Tuesday, September 8, 2020

Emmy Winner Predictions: Best Lead Actor in a Limited Series or TV Movie

Nominees are listed in alphabetical order. Performers in this category don’t submit specific episodes, but I’ve watched the entirety of their shows to best assess their chances.

Jeremy Irons as Adrian Veldt, Watchmen
Irons has won three out of four of his past Emmy bids, in 2014 for narrating “Big Cat Week,” in 2006 for “Elizabeth I,” and in 1997 for voice-over performance in “The Great War and the Shaping of the 20th Century.” He’s in contention now for playing a man desperate for omniscience and obsessed with his own power. Irons is definitely chewing scenery, but I’m not sure that he’s really a lead. His show is the nominations leader, however, and he shouldn’t be counted out if it ends up sweeping all its categories.

Hugh Jackman as Frank Tassone, Bad Education
Jackman won an Emmy for hosting the Tony Awards in 2005 and was nominated again the next year, and has contended twice as a special class program nominee when he hosted the Oscars and the Tonys. He’s the lone representative in this category from a TV movie, one that was expected to do very well but earned only one other nomination. He fully immerses himself in the role of a friendly school superintendent with plenty of secrets. It’s a great performance, but he’d have a better shot if his film had performed better overall.

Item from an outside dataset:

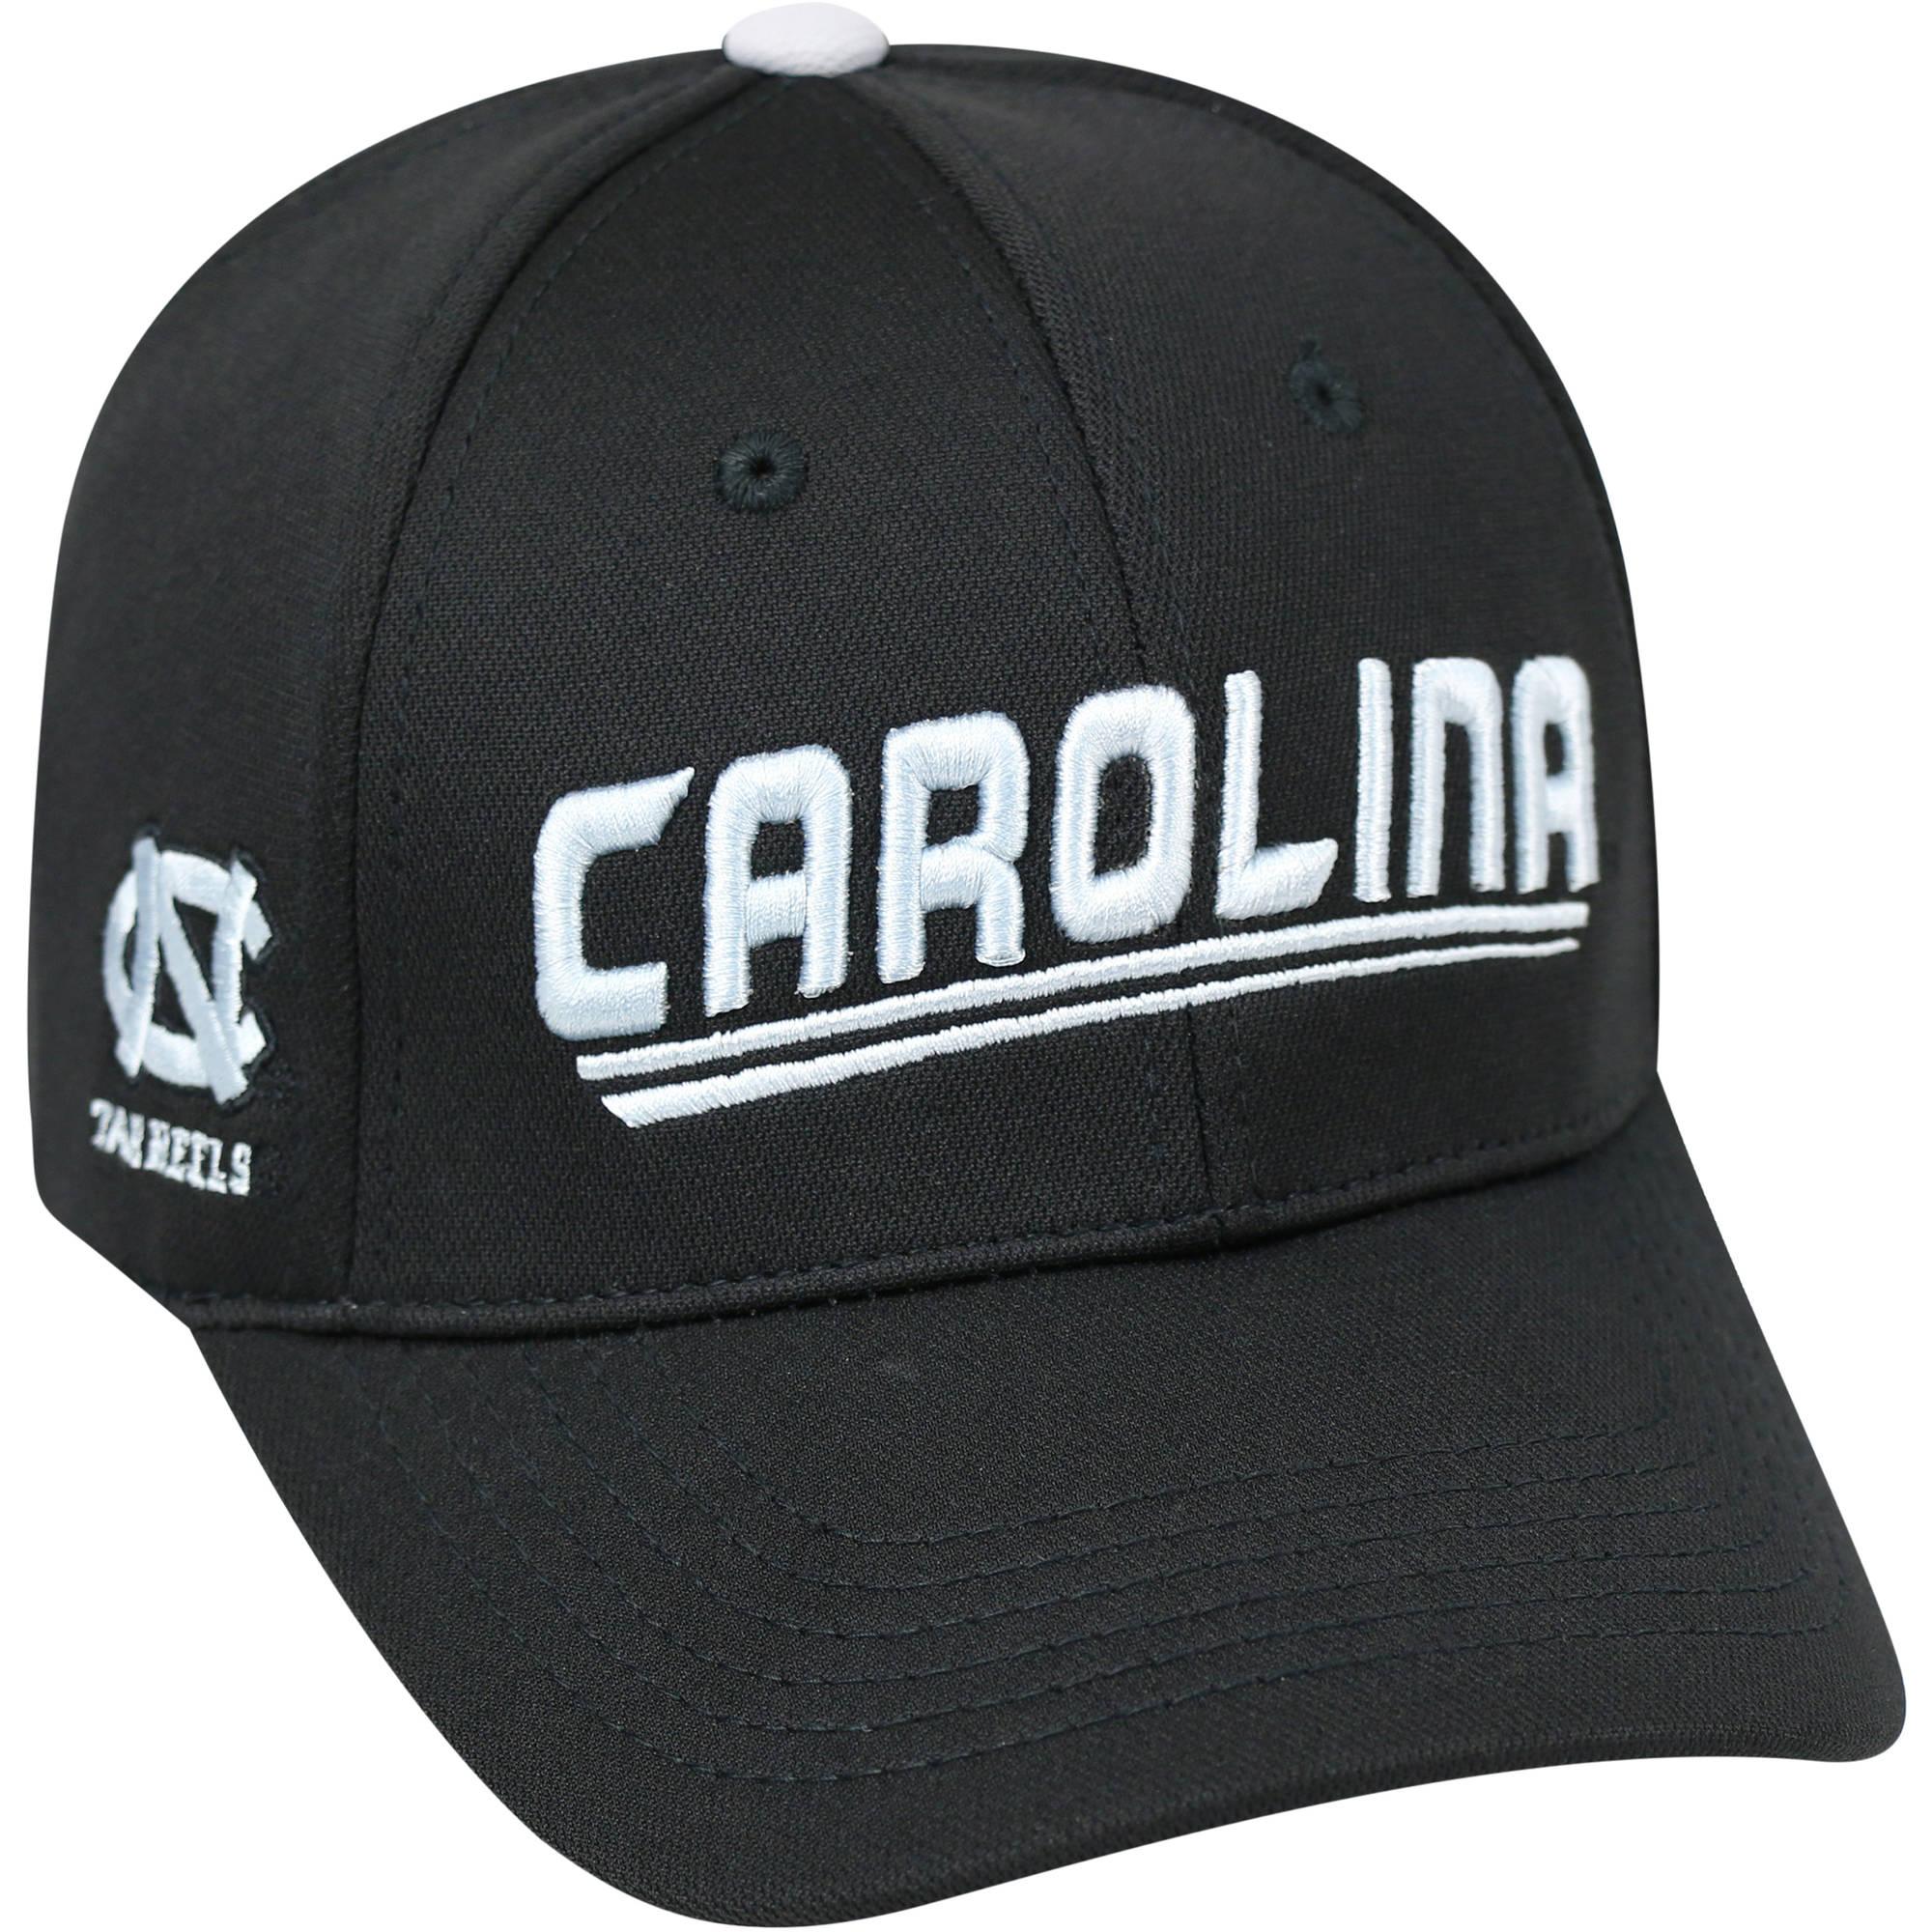 University Of North Carolina Tar Heels Black Baseball Cap

Paul Mescal as Connell Waldron, Normal People
This is Mescal’s first Emmy nomination. His limited series missed the top category but earned bids for directing, writing, and casting. Mescal, who is just twenty-four years old, delivers an incredibly layered and accessible performance opposite the equally terrific Daisy Edgar-Jones. This category has skewed very young the past few years with wins for Jharrel Jerome, Darren Criss, and Riz Ahmed, and there is plenty of affinity for Mescal and his series that could help an internationally unknown Irish actor win eclipse much better-known stars to win this award.

Jeremy Pope as Archie Coleman, Hollywood
Pope earns his first Emmy nomination for his TV debut after dual Tony bids last year. He demonstrates a truly hopeful spirit as a gay Black writer trying to make it in 1940s Hollywood, determined to make his mark even when everyone tells him he can’t. I would have nominated his costar David Corenswet in this category instead, but Pope is definitely doing good work. A win seems unlikely given his show’s prominent absence from top categories.

Mark Ruffalo as Dominick and Thomas Birdsey, I Know This Much Is True
Ruffalo was nominated in 2014 for starring in “The Normal Heart” and won an Emmy as a producer on the TV movie. Ruffalo’s work as twin brothers who experience deep heartbreak over the course of their lives is undeniably strong, but his series is incredibly miserable and hard to watch. The fact that it earned zero other nominations means that voters have to be wowed enough by his performance(s) – which they should be – to pick him when it’s honestly difficult to endure viewing it.

Who should win: Mescal, Ruffalo, or Jackman
Who will win: It could be Ruffalo or Jackman, but I’m going to go with Mescal pulling it off.